Data listing section start

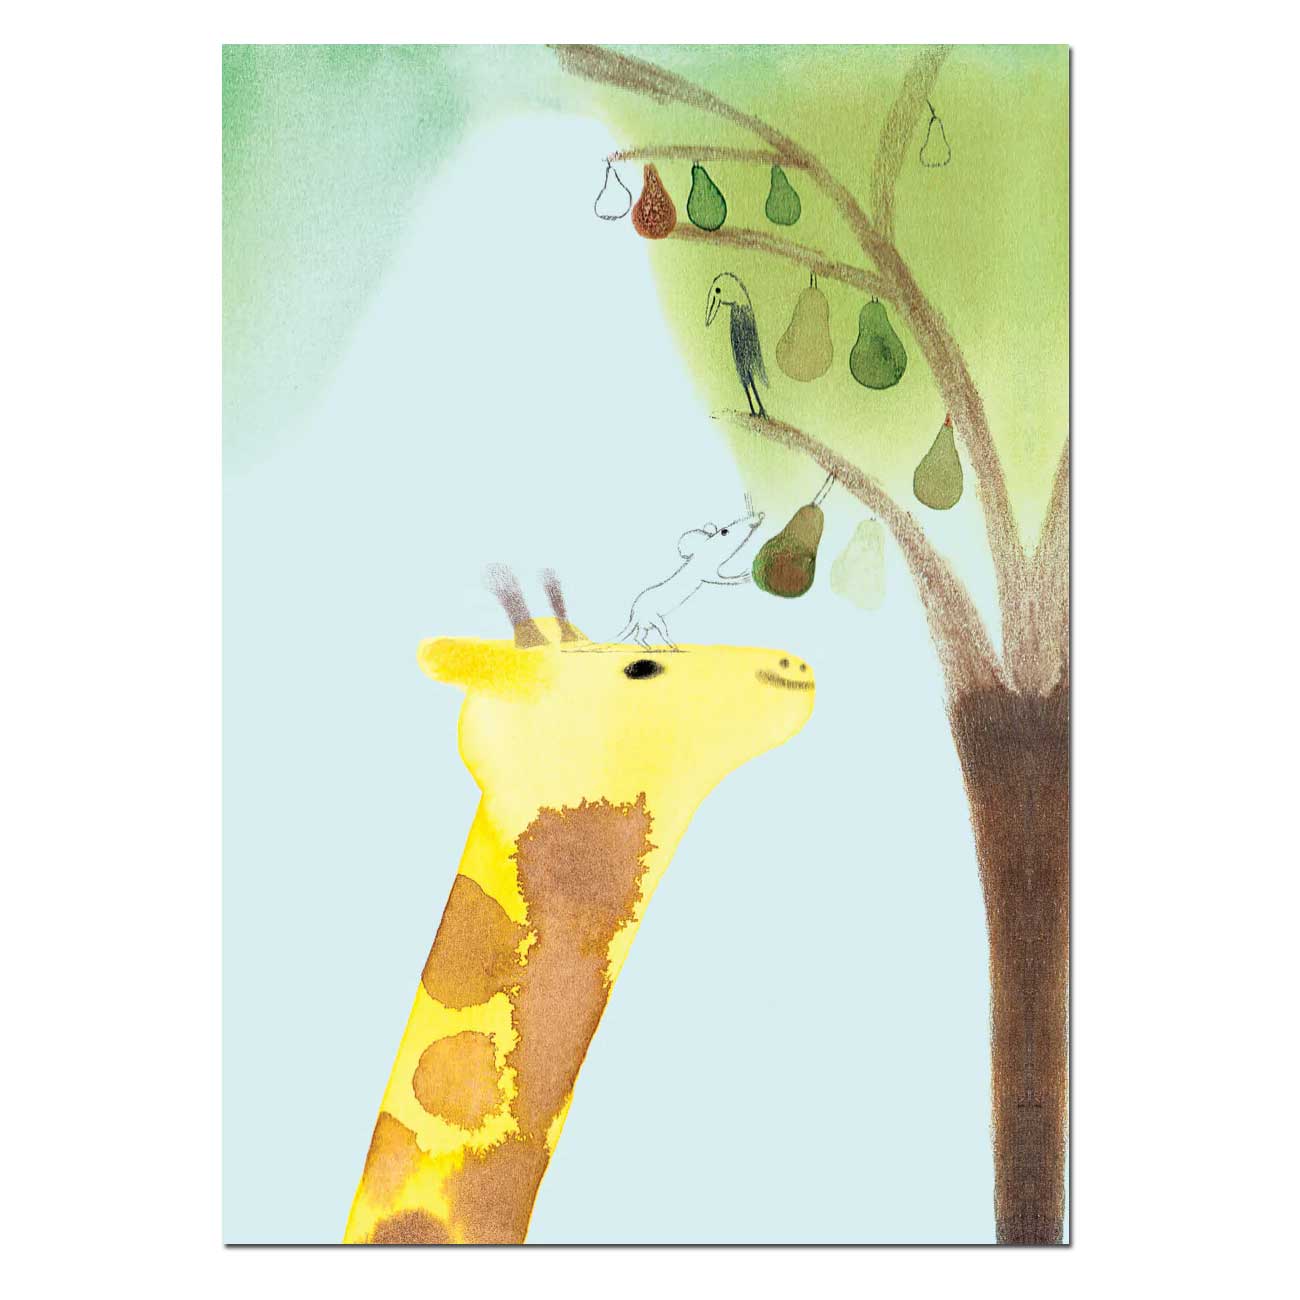 Roger la Borde Doppelkarte "Wilderness" Giraffe und Maus, Freundschaft
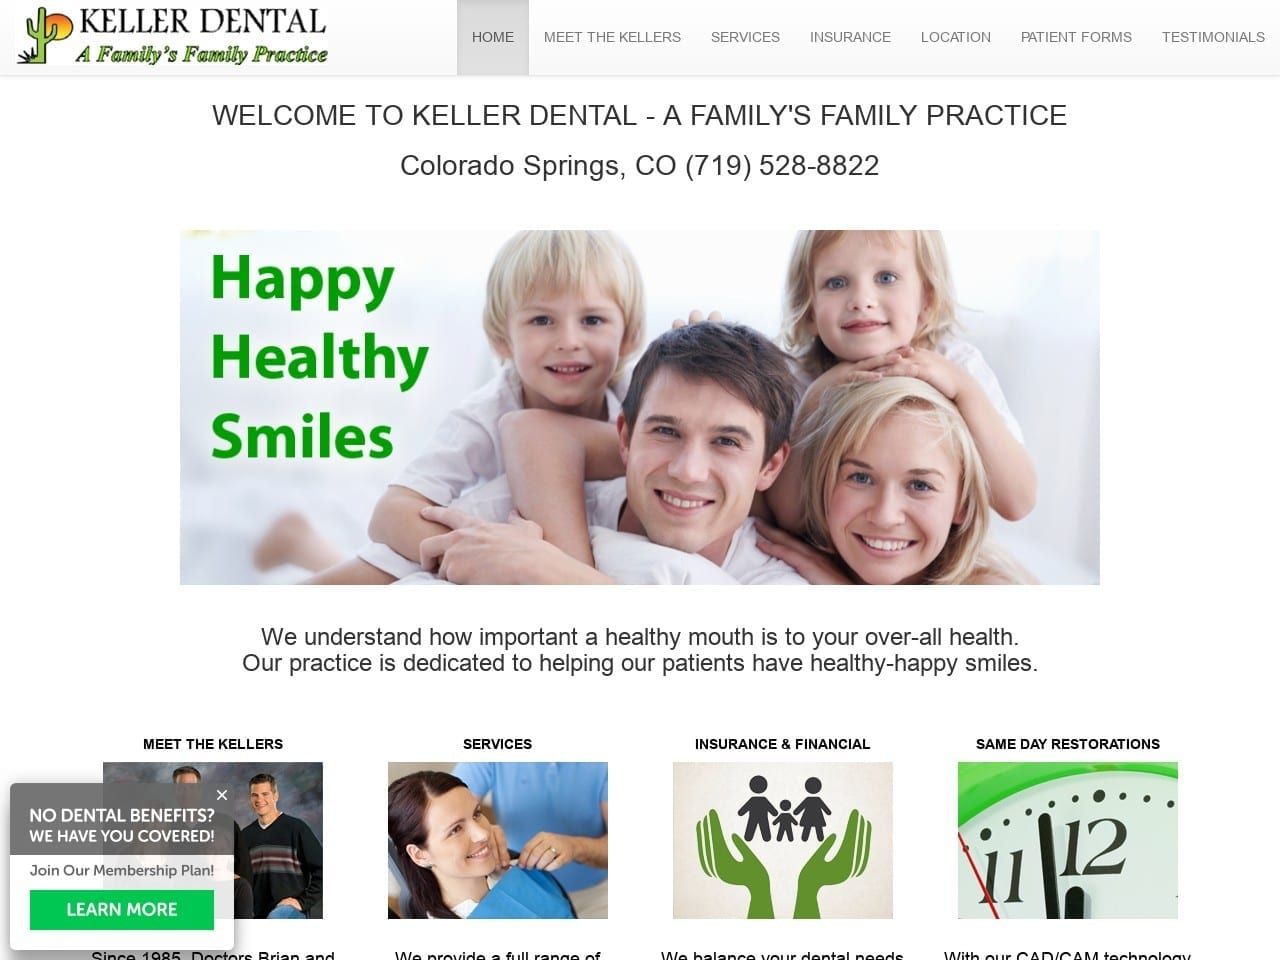 Keller Dental Care Website Screenshot from kellerdental.com
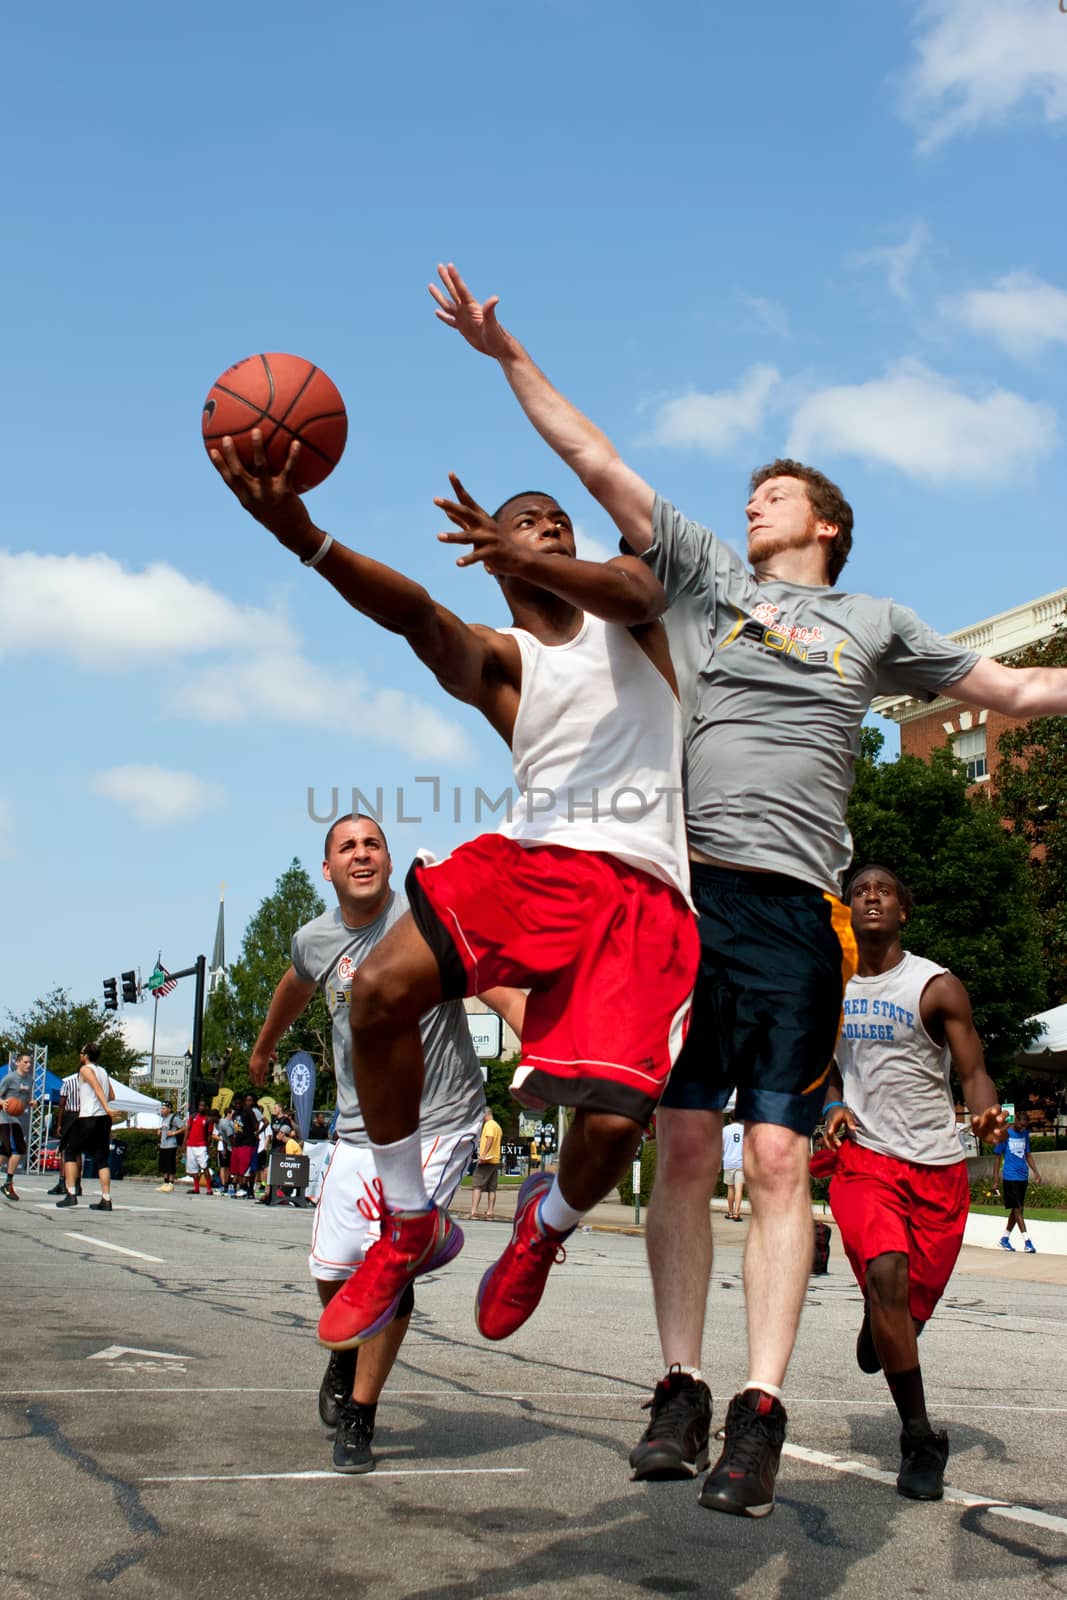 Man Shoots Against Defender In Outdoor Street Basketball Tournament by BluIz60
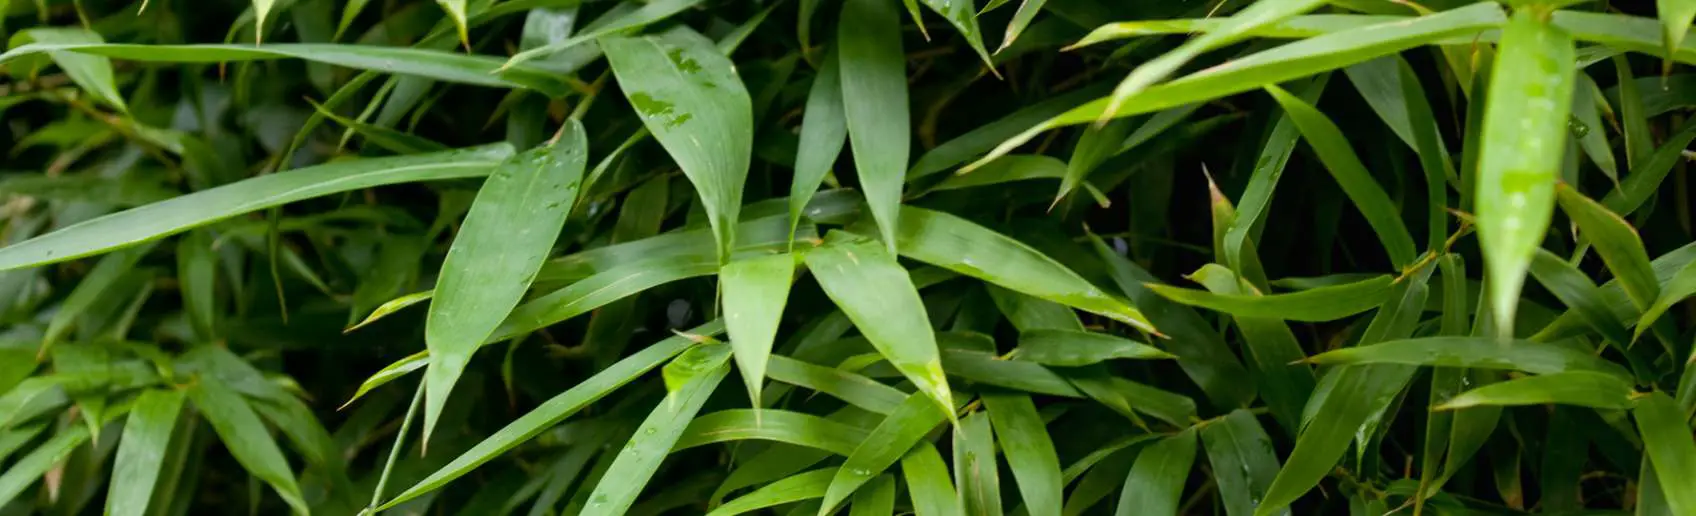 Bamboo leaf banner
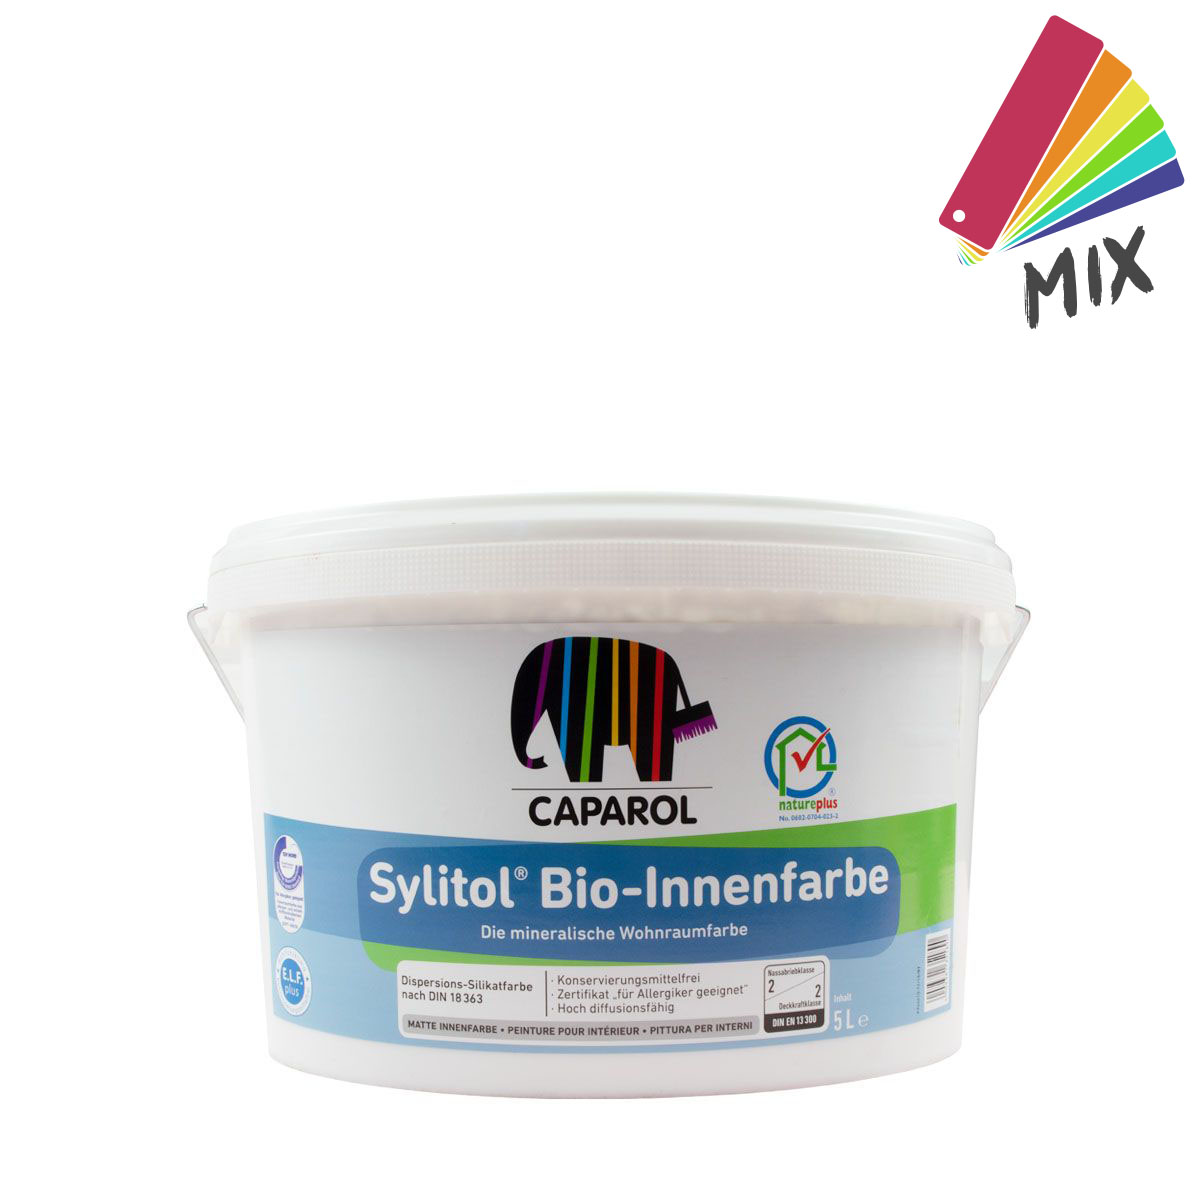 Caparol Sylitol Bio-Innenfarbe 5L MIX PG A, Allergiker geeignet

Data listing section end

▶ **Task statement**
A verbatim copy of all the records, minus the pictures, is the expected answer.

▶ **Result**
 Roger la Borde Doppelkarte "Wilderness" Giraffe und Maus, Freundschaft
 Keller Dental Care Website Screenshot from kellerdental.com
 Man Shoots Against Defender In Outdoor Street Basketball Tournament by BluIz60
 Bamboo leaf banner
 Caparol Sylitol Bio-Innenfarbe 5L MIX PG A, Allergiker geeignet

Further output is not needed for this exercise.